Thanks Greens. But I have to point out that rising metal price does not necessary equivalent to profitable mining products for the mining stocks. Cost of mining for lead is high compared to its price. 

High margin mining metals are nickel, copper and zinc. Look out for mining stocks that mine those metal minerals will be good investments.

In my opinion, the best way to tap on rising lead price is to buy the futures contract. Currently there is 5450mt of Lead cancelled warrants in LME warehouse, hence expects more inventory drawdown in the near term.

Just my thoughts.


----------



## GREENS (9 August 2007)

BREND said:


> Thanks Greens. But I have to point out that rising metal price does not necessary equivalent to profitable mining products for the mining stocks. Cost of mining for lead is high compared to its price.
> 
> High margin mining metals are nickel, copper and zinc. Look out for mining stocks that mine those metal minerals will be good investments.
> 
> ...




Don’t worry Brend I didn’t purchase CBH and KZL for their lead production, But for their exposure to Zinc and to a lesser extent copper. 

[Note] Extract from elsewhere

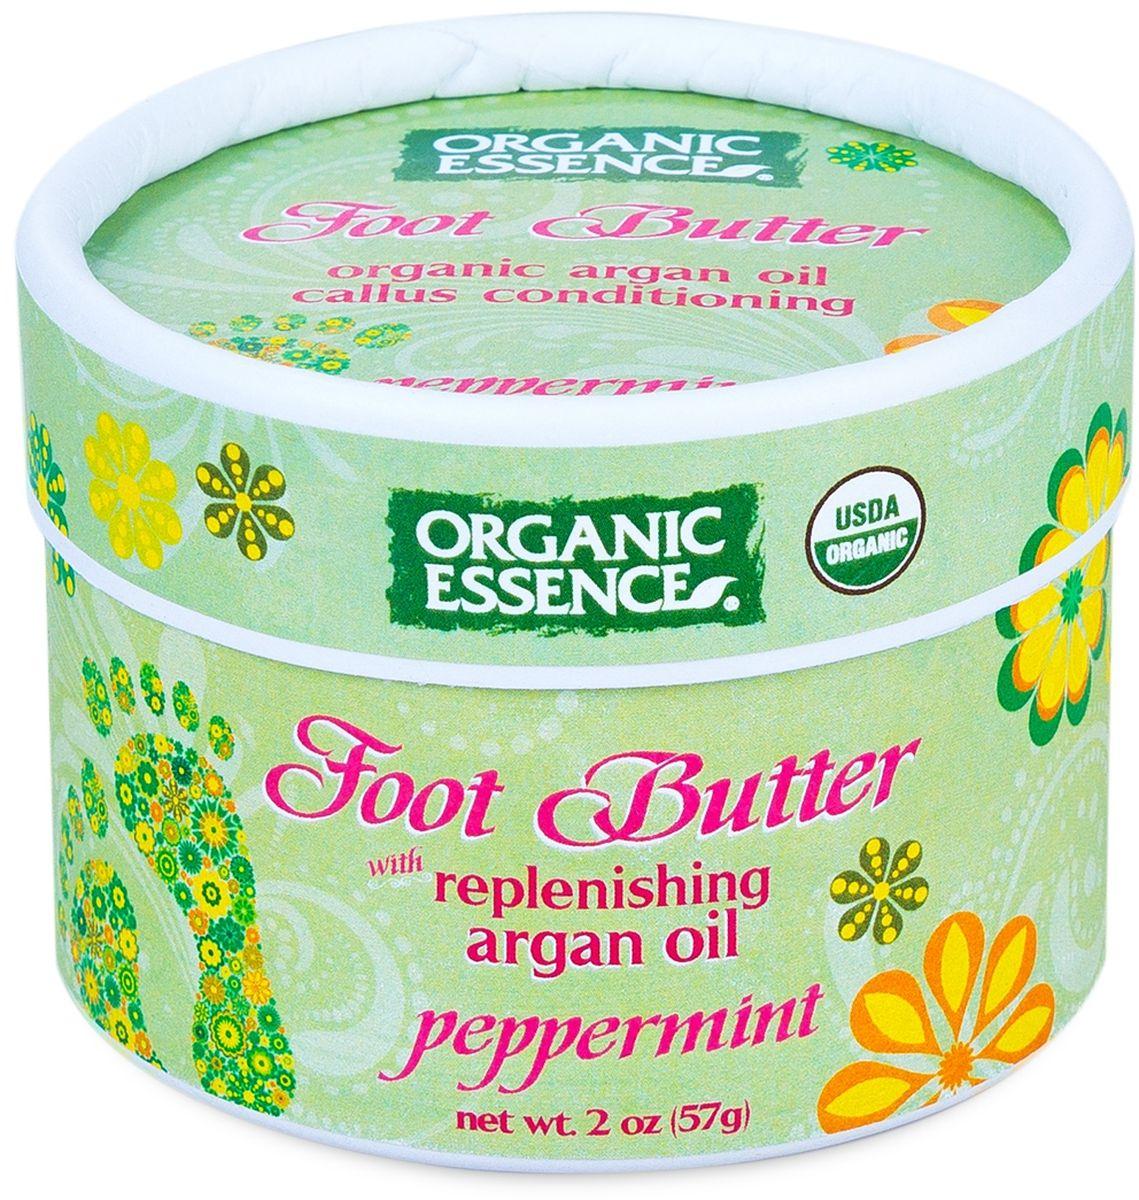 Organic Essence Органический крем для ног Мята перечная 57 гр green mama перечная мята и шалфей дезодорант для ног

However given the recent surge in Lead prices, lead will definitely start to become more and more profitable for these companies but will still make up only a small proportion of earnings in comparison to their other bulk productions of Zinc and Copper (note: CBH has only just commissioned a copper circuit at its endeavor mine) . Agree that the best way to profit from rising lead is from trading in futures but just not my preferred type of investment vehicle. 

Again Agree the outlook looks good at the moment, Im just not sure whether it will stabilise at or around these levels (which I’m quite happy if it does) or continue its upward trajectory (which would be even better). Any thoughts on this Brend?

In regards to nickel, have never really been a big fan even when it was going gangbusters, I have exposure to it through BHP, and since I purchased it around the $23 mark 1.5 years ago, have in some ways benefited from the higher nickel prices over that period, but for some unfound reason have stayed well away from the smaller concentrated producers SMY, MCR etc…

Greens


----------



## BREND (9 August 2007)

Hi Green,

Currently experts are separated into 2 different views on Lead.

First view is that current price of above $3,000 is unsustainable, more supply will be out by the end of this year. But so far nothing is confirmed by the mining companies yet. There is a possibility of production being disrupted due to environmental issues again. When Lead is trading at $1500 2 years back, many experts are also predicting that Lead price should fall, and look at where is the Lead price today?

Second view is that inventory level has been falling heavily in percentage terms. Backwardation has risen from less than 10 to 60 now, indicating tightness in physical market. High cost of Lead concentrates has resulted Lead refineries in China operating at a loss, hence they plan to cut production of refined Lead. Price may be volatile now, but strong fundamental will eventually push the price higher. 

My view is with the 2nd one.


----------



## BREND (14 August 2007)

*Chinese lead prices stay strong*

Chinese lead prices have stayed strong this week despite lower world prices, as smelters and merchants cut sales of the metal to support prices, industry 
sources said on Tuesday. 

   High Chinese prices are making exports unattractive and may further push down outflows following a nearly 50 percent decline in the first half of this year.  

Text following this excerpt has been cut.